Tim Leiweke has balls.
No one can take that away from Leiweke, the president of AEG -- the group running the Sprint Center.
Asked about comments made by David Cordish -- one of the guys behind the Power & Light District -- in an e-mail to City Hall calling the Sprint Center a "disaster" because the arena hadn't landed an anchor tenant, Leiweke didn't flinch with his keep-my-name-out-of-your-mouth reply to the Star.
"The Power & Light District was committed to before the Sprint Center was a reality," Leiweke said. "For them to use us as a crutch is a crock. Don't worry about us. Get your district fully open."
Whoa. Respect to Leiweke.
In other Sprint Center news, Neil deMause, author of Field of Schemes, looks at the claim that the arena is turning a profit. deMause clarifies that the profit is "operational profit -- in other words, it doesn't count the cost of paying for the building it in the first place."

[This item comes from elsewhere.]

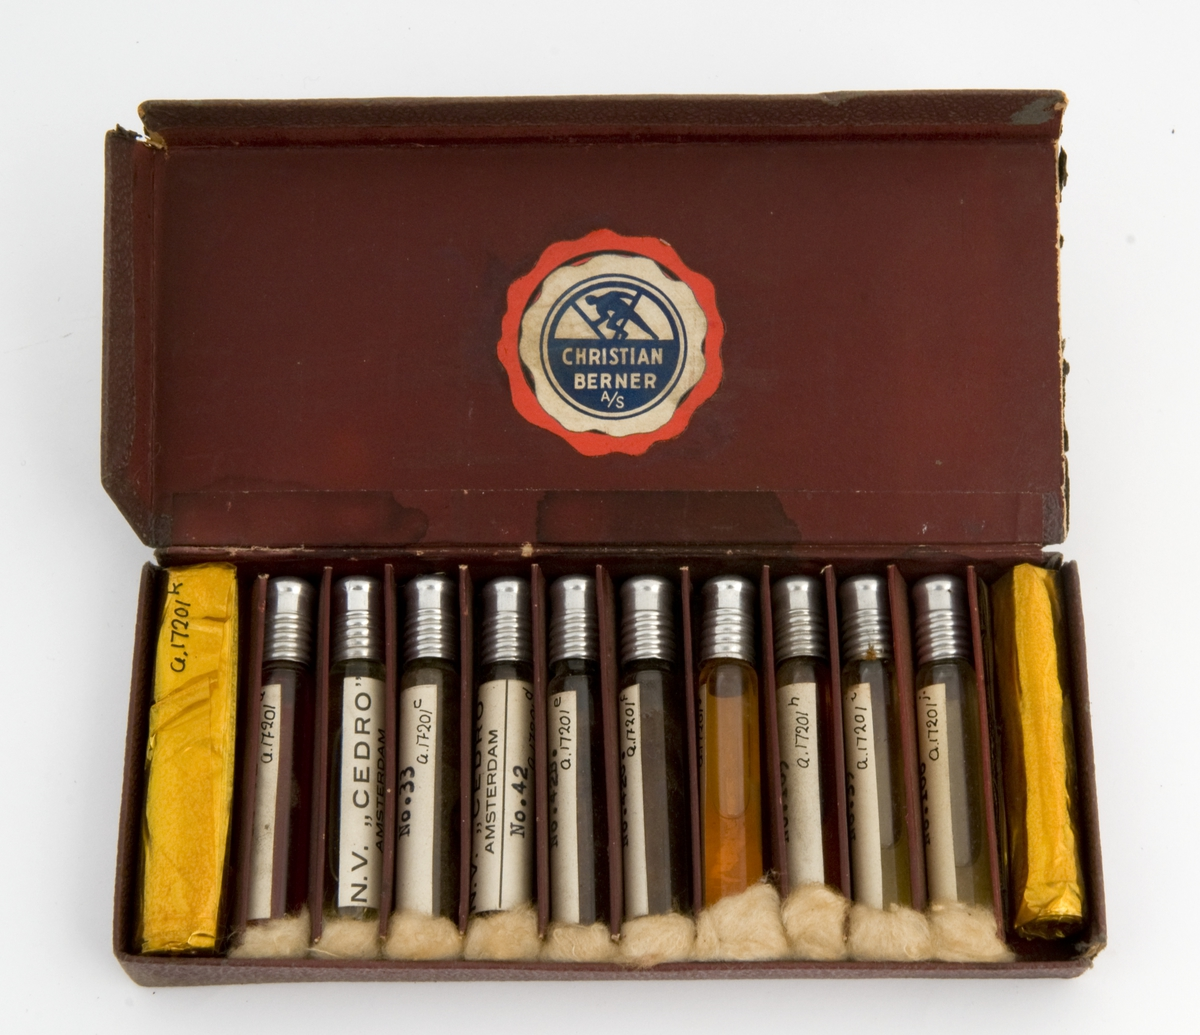 Medisineske av papp trukket med burgunder skinnimitert papir. Inneholder10 glassampuller med essenser og to ruller med gullfarget cellofan.

But deMause says that Kansas City seeing any money is a sign that "AEG is doing a good job. ... Given that K.C. is on the hook for $10-15 million a year in arena bond
payments (guesstimating here -- that information doesn't seem to be
online anywhere), there's almost no way it will actually turn a profit
on building the Sprint Center."
Still, deMause says it's good news, and he translate this statement Leiweke made to the Star: "The economic model of this building is quite successful. The
last thing we or the city want to do is throw away that model and make
the arena a loss leader with another tenant. It's a tougher scenario
with a professional team. I'm sure we wouldn't be able to write a
check to the city for $1.8 million."
"In other words: As predicted, they're not going to be no pushovers for, say, the Islanders," deMause wrote.
No wonder Leiweke was carefully choosing his words during the preseason game.